Royal, however, was not the first school he coached. After joining the tutorial staff of his alma mater following graduation, he naturally coached Ananda College before moving on to Holy Family Convent, Bambalapitiya — where he first met the “love of his life,” Ransiri, a gifted and versatile sportswoman. She was not only a national champion in athletics but also a top netballer and basketball player in the 1960s. After his long and illustrious stint at Royal College, he went on to coach at schools such as Visakha Vidyalaya and Belvoir International.

The school arena was not his only forte. Mr. Wijedasa also produced several top national athletes, including D. K. Podimahattaya, Vijitha Wijesekera, Lionel Karunasena, Ransiri Serasinghe, Kosala Sahabandu, Gregory de Silva, Sunil Gunawardena, Prasad Perera, K. G. Badra, Surangani de Silva, Nandika de Silva, Chrisantha Ferdinando, Tamara Padmini, and Anula Costa. Apart from coaching, he was an efficient administrator as Director of Physical Education at the University of Colombo and held several senior positions in national sporting bodies. He served as President of the Amateur Athletic Association of Sri Lanka in 1994 and was also a founder and later President of the Ceylonese Track & Field Club. He served with distinction as a national selector, starter, judge, and highly qualified timekeeper.

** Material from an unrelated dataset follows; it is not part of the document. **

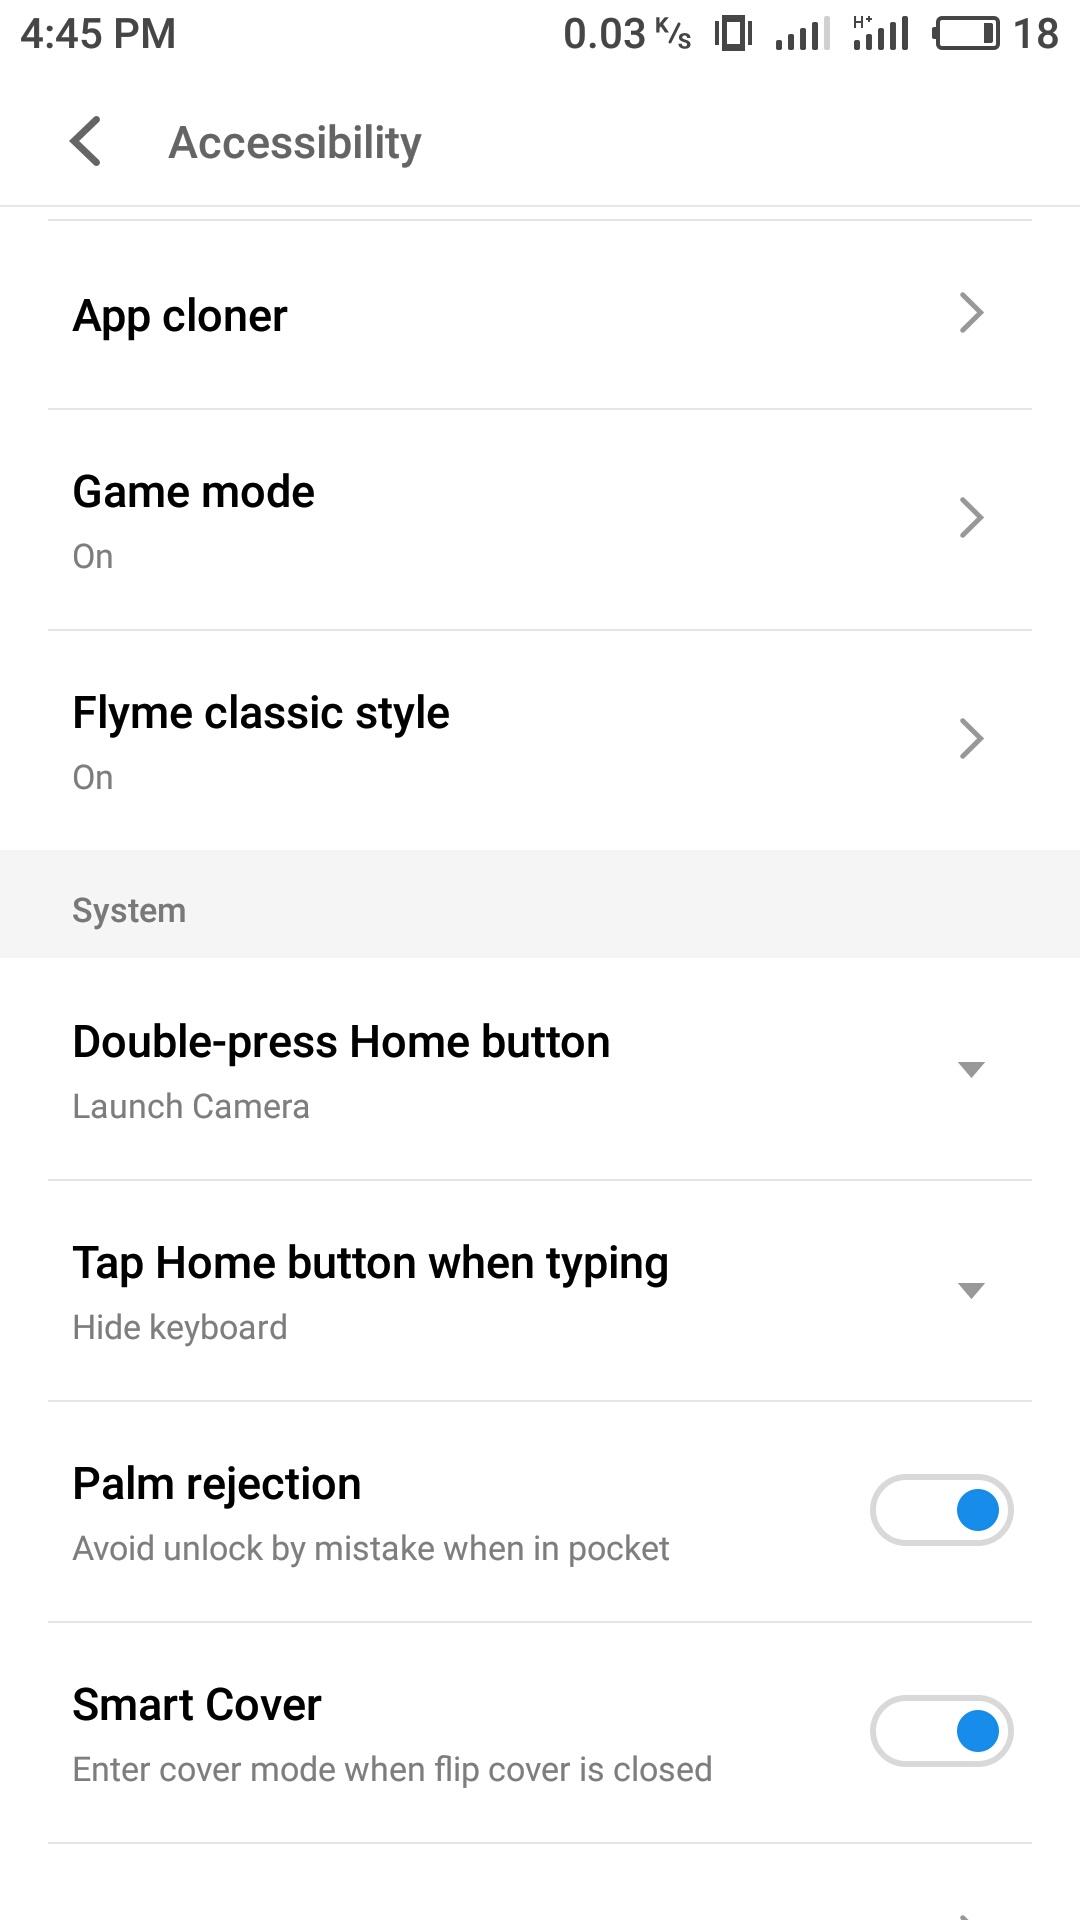 App Clone Smart Cover.jpg App Clone 2.jpg

The crowning joy of his life was seeing his legacy continue through his children and grandchildren. His son, Duminda, was a prominent athlete at Royal and later a National Squash player in the 1990s. In his later years, Mr. Wijedasa took great pride in seeing his granddaughter, Tejani, become a reputed throwing champion at Bishop’s College, where she currently serves as Games Captain. Her younger brother, too, is a promising athlete.

He is survived by his beloved wife, Ransiri, with whom he shared 57 years of a happy and devoted marriage, and by their two children, Duminda and Puranya. Duminda, married to Debbie, resides in Brisbane, Australia, with their two daughters, Deandra and Tennille. Puranya, married to Ruvindu, is blessed with three children — Madhuke, Tejani, and Dharishta.

Though he has left this world, the values he instilled, the lives he shaped, and the spirit he ignited on countless tracks and fields will live on forever — etched in the hearts of generations who were privileged to call him Sir (Coach).